▶ [DATASET EXTRACT]:
╭──

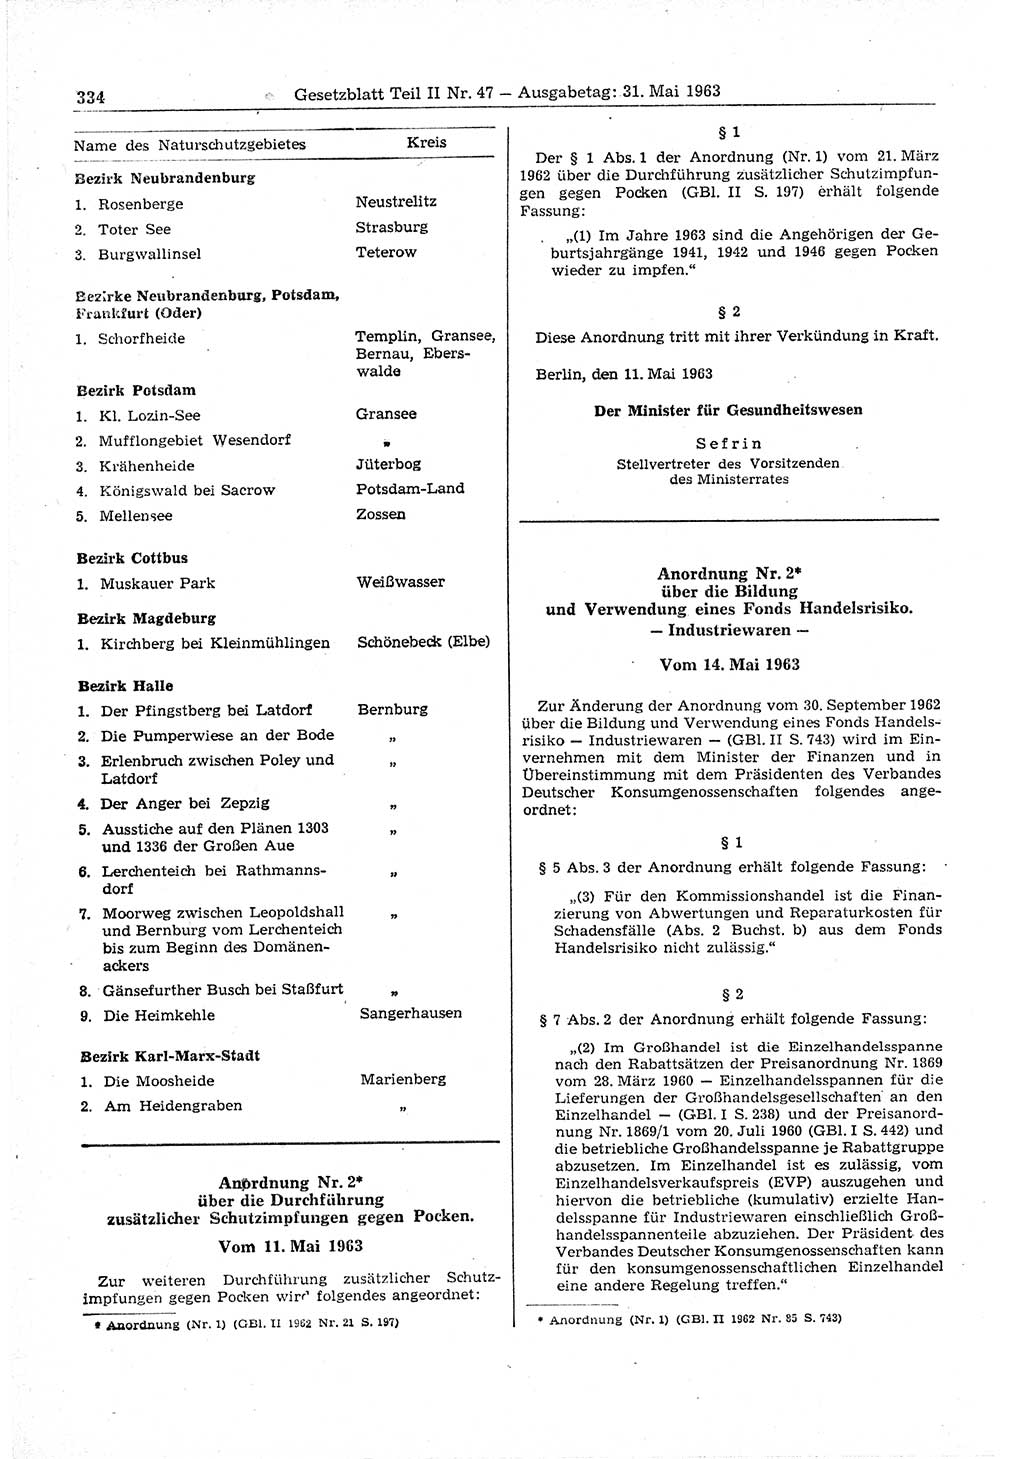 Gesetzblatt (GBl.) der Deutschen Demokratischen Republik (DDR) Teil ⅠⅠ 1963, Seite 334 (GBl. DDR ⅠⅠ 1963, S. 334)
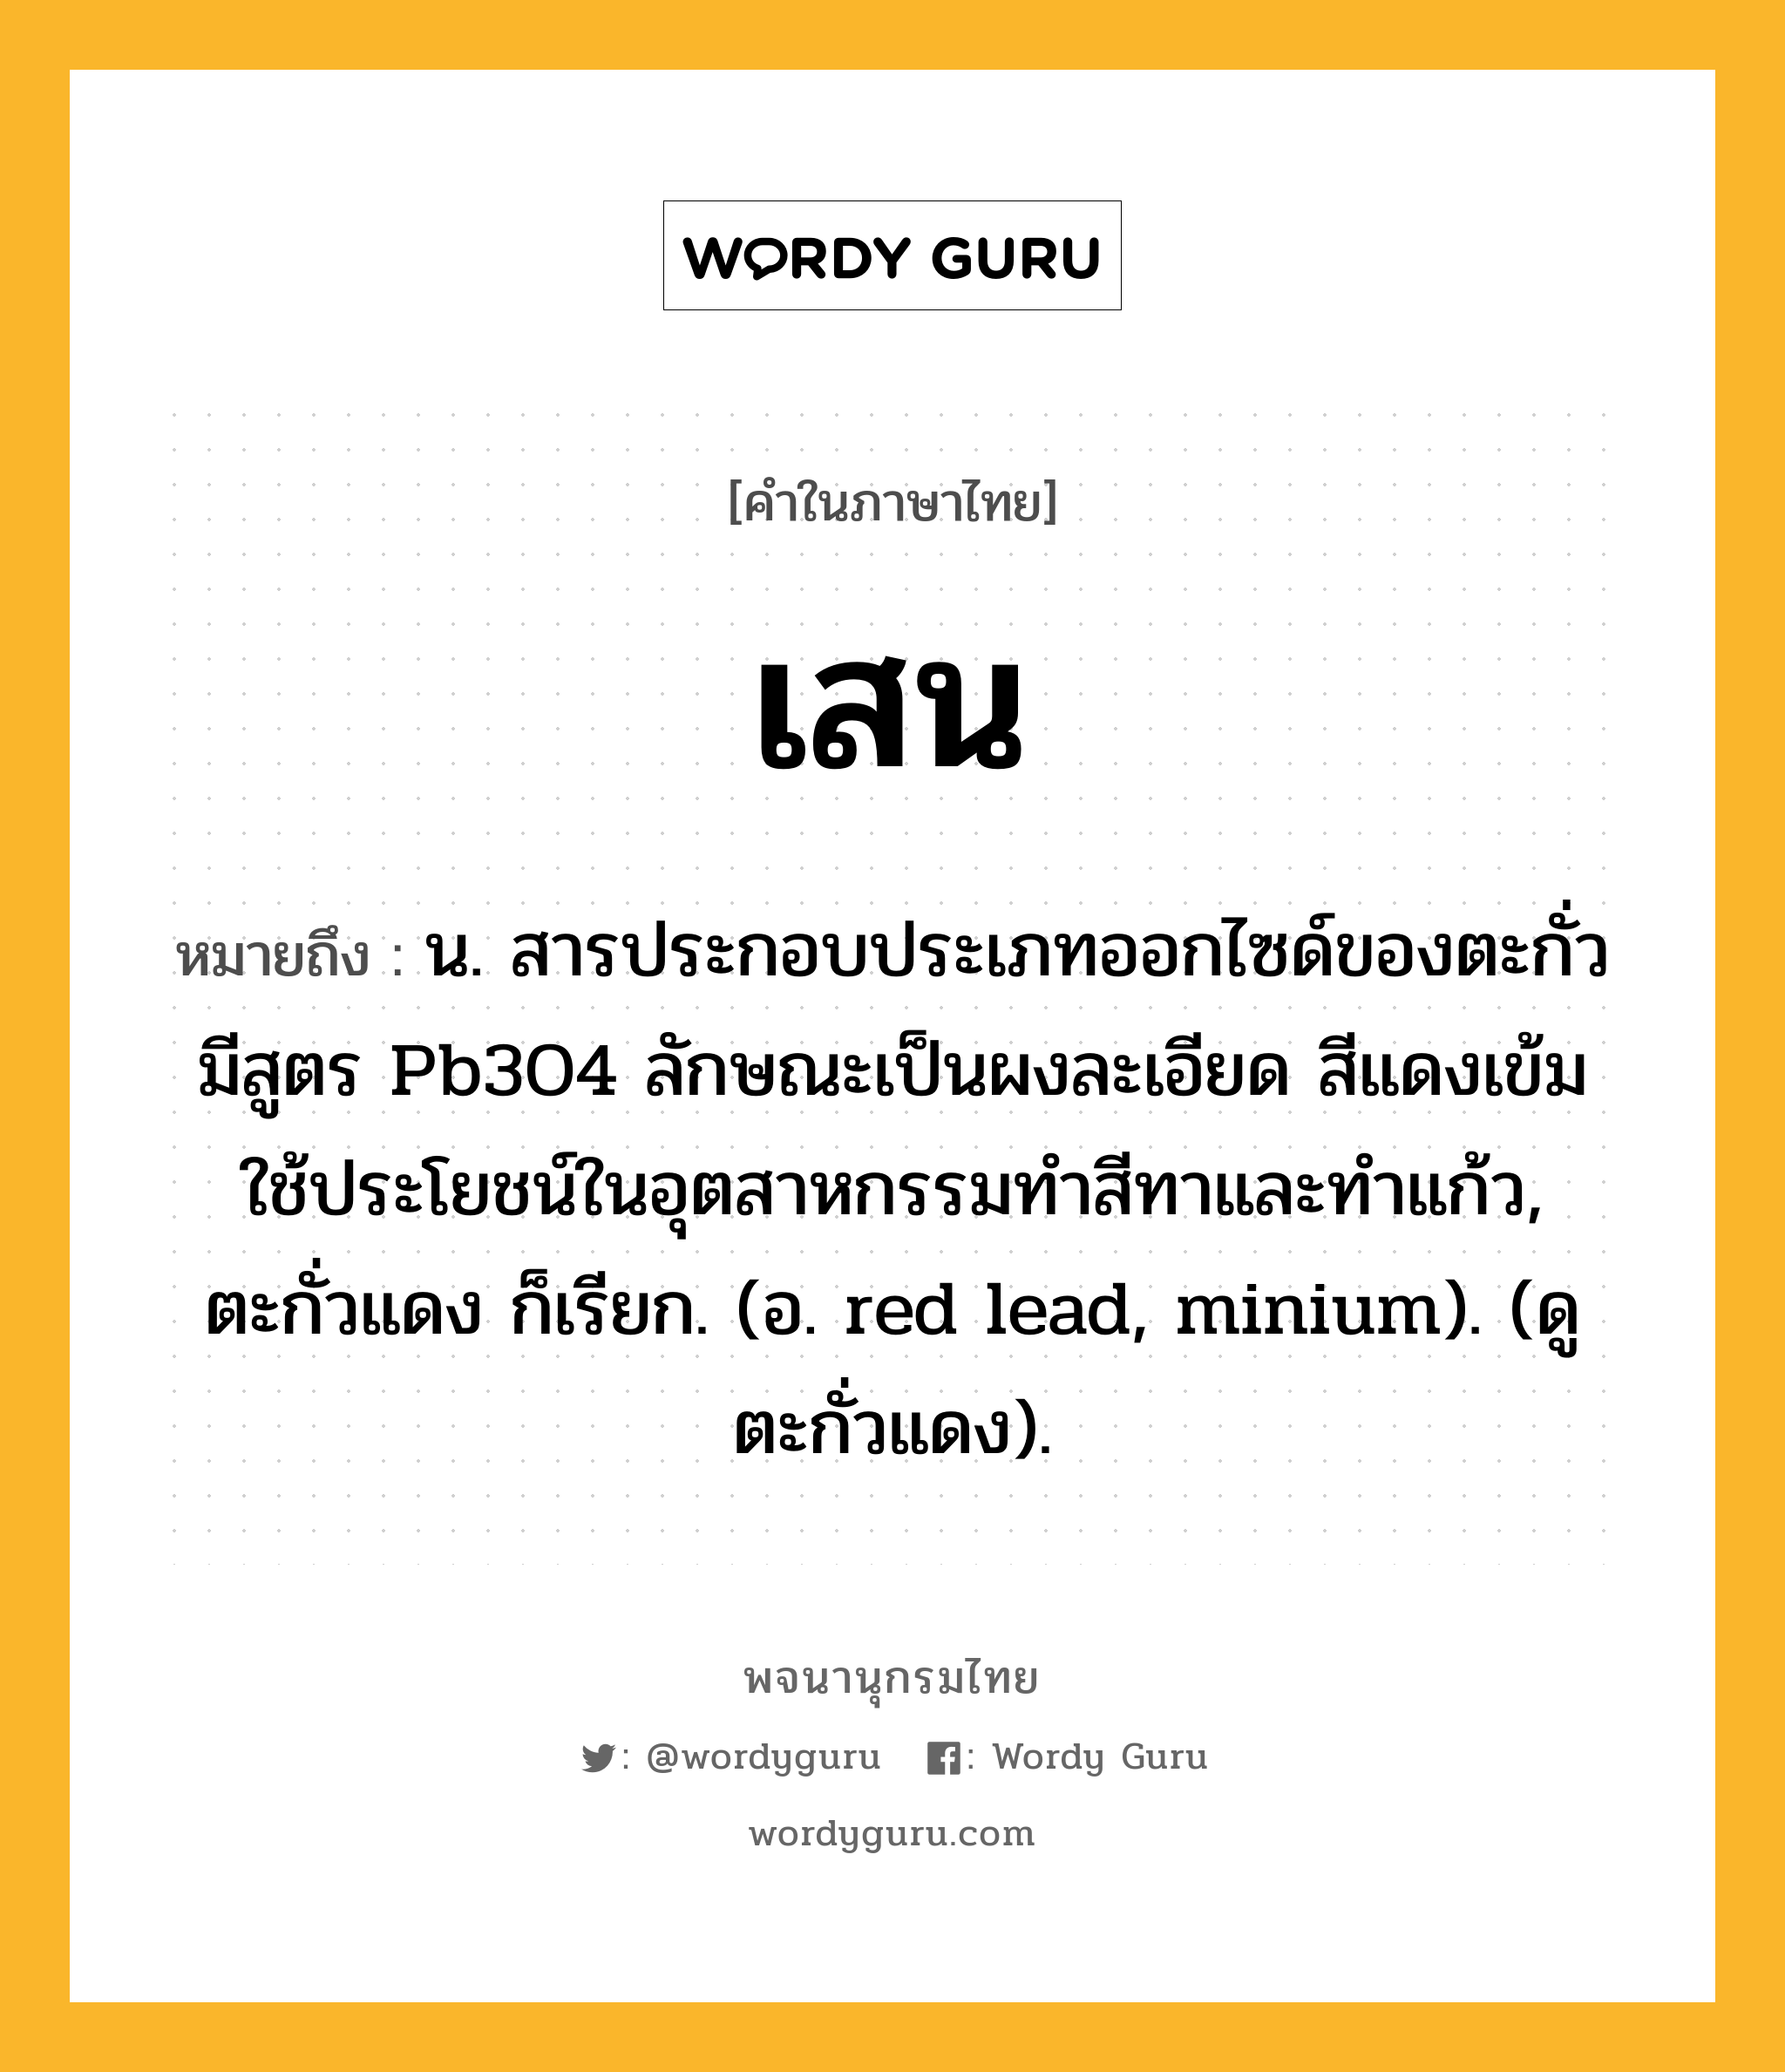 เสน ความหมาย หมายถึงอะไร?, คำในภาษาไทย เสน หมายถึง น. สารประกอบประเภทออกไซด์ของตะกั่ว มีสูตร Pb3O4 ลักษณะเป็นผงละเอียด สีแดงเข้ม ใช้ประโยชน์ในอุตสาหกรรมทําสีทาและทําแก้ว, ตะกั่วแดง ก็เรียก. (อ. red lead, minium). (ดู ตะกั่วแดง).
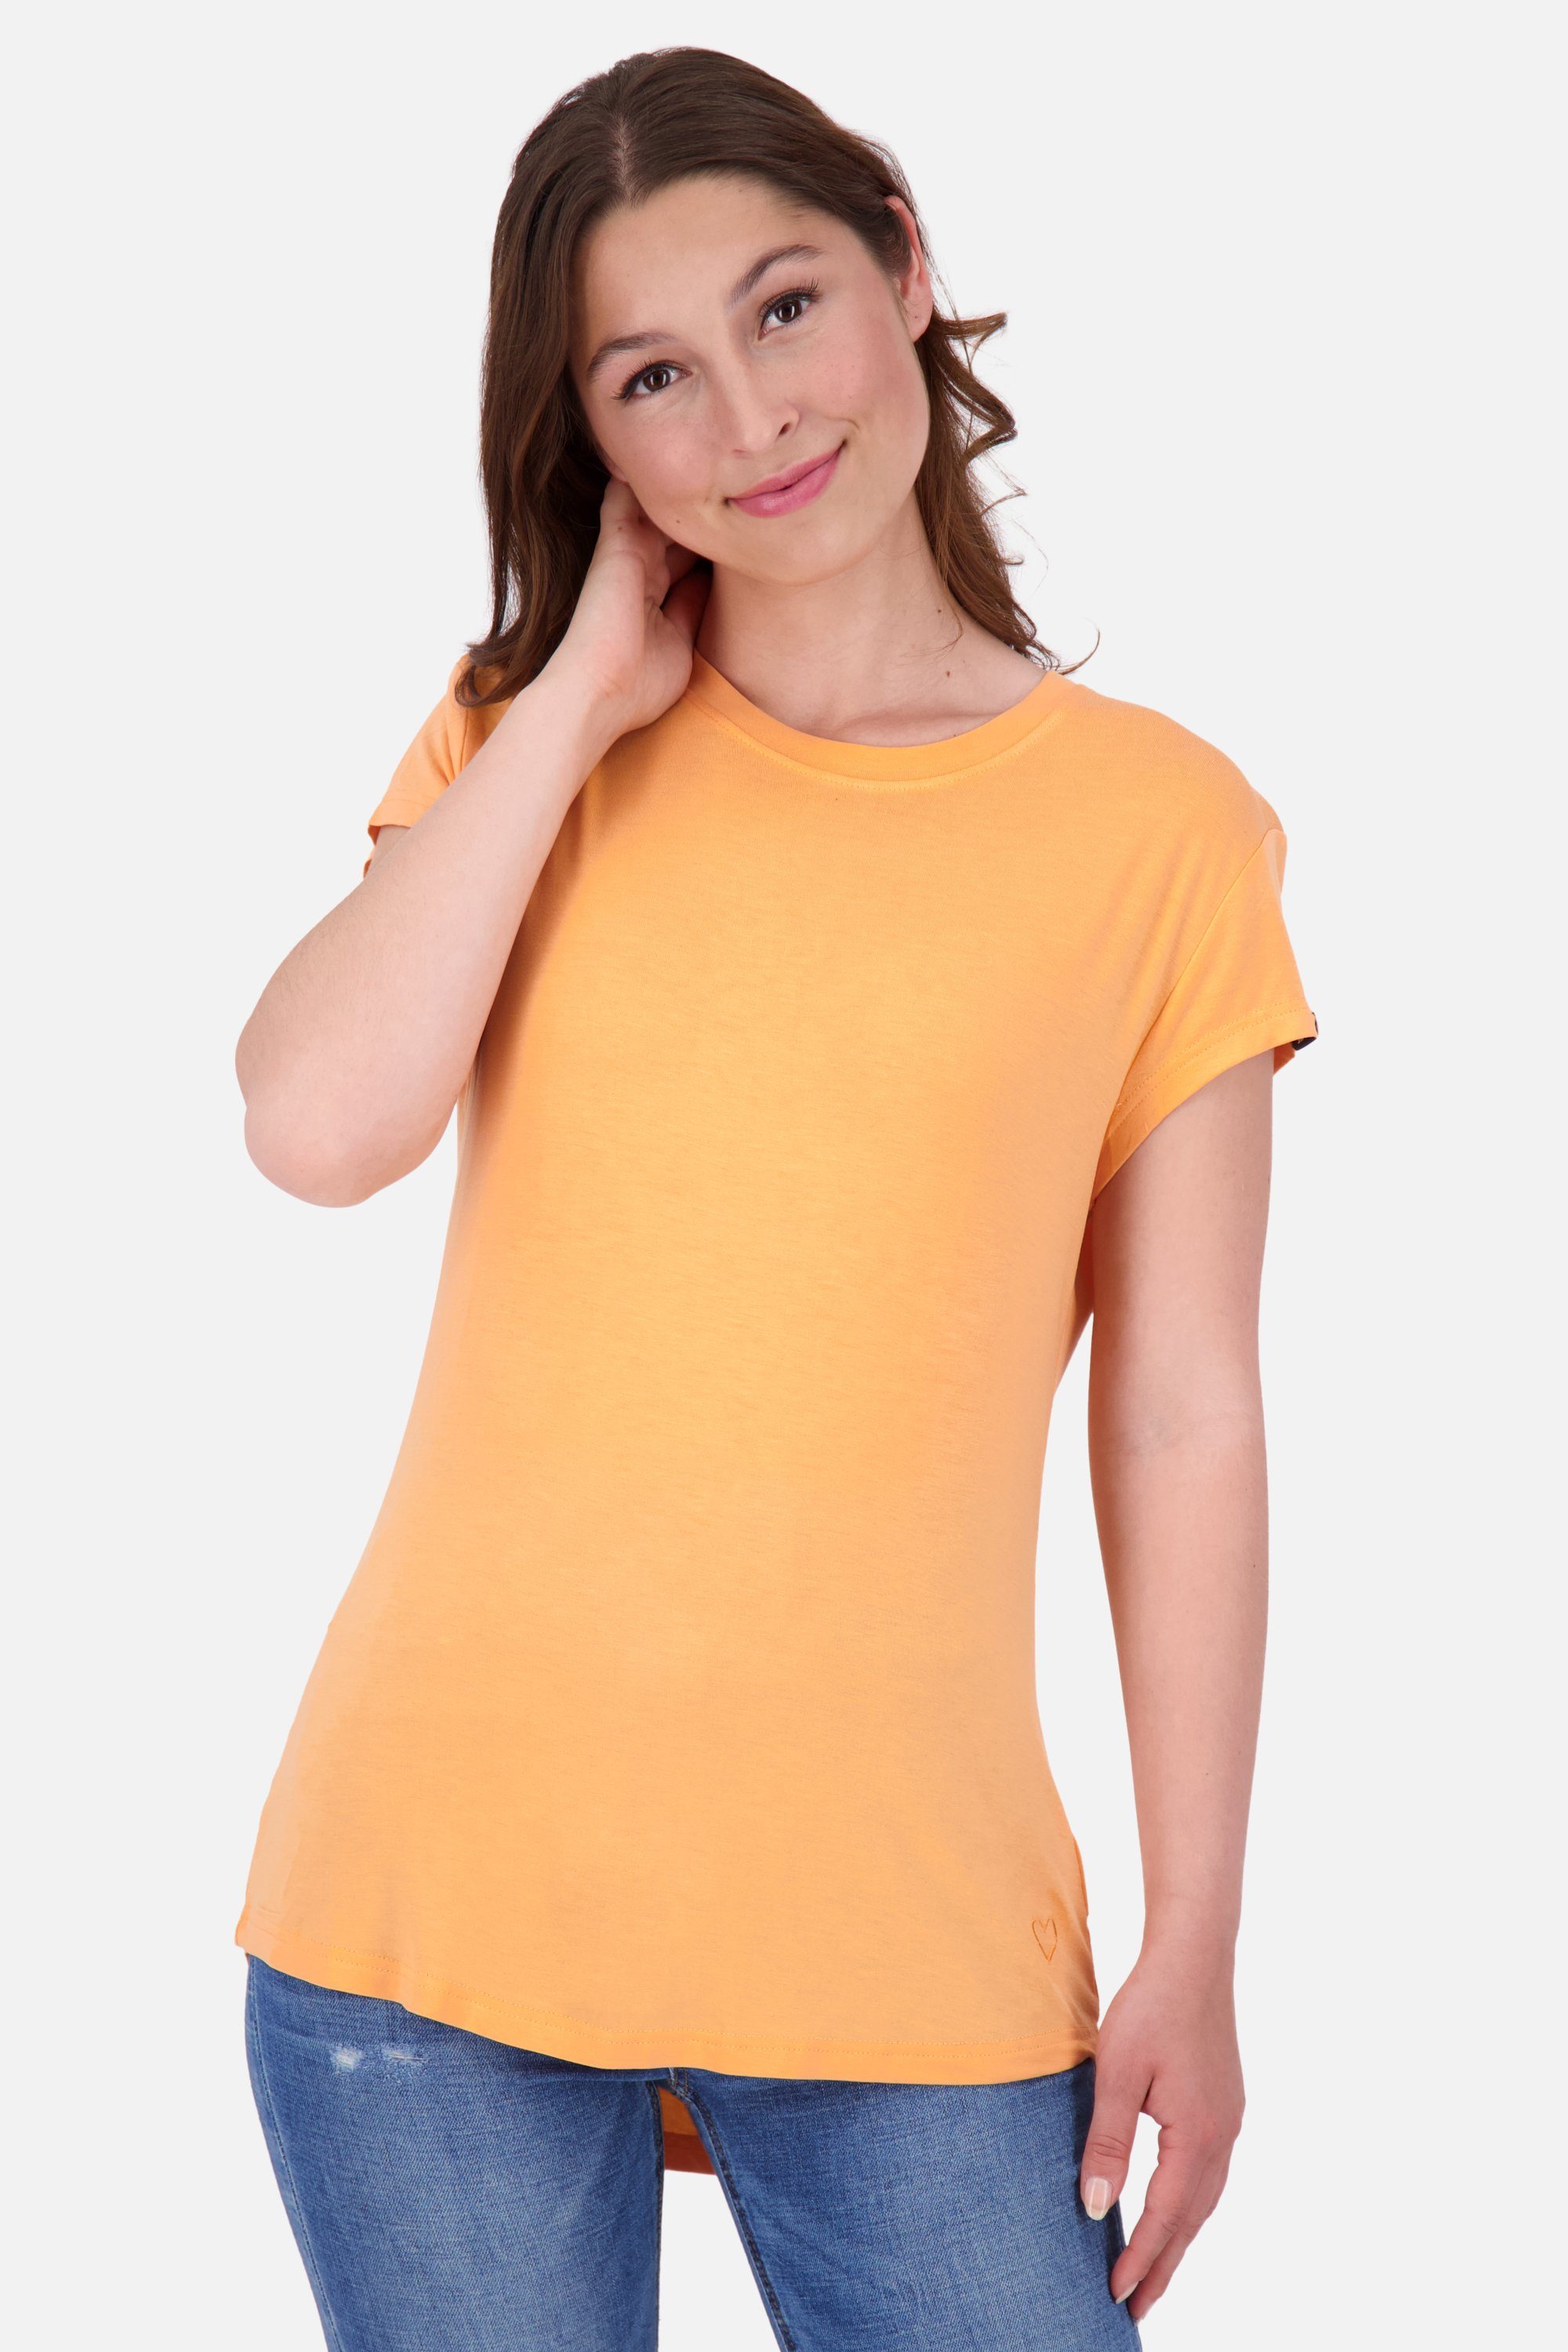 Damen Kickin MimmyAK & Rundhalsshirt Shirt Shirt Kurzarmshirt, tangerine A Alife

╰──

▶ [PROMPT]:
Write out exactly, and only, the lines from the line holding "เสน ความหมาย หมายถึงอะไร?, คำในภาษาไทย" through the end of the data, inclusive, without any pictures.

▶ [THE ANSWER]:
 เสน ความหมาย หมายถึงอะไร?, คำในภาษาไทย เสน หมายถึง น. สารประกอบประเภทออกไซด์ของตะกั่ว มีสูตร Pb3O4 ลักษณะเป็นผงละเอียด สีแดงเข้ม ใช้ประโยชน์ในอุตสาหกรรมทําสีทาและทําแก้ว, ตะกั่วแดง ก็เรียก. (อ. red lead, minium). (ดู ตะกั่วแดง).
 Damen Kickin MimmyAK & Rundhalsshirt Shirt Shirt Kurzarmshirt, tangerine A Alife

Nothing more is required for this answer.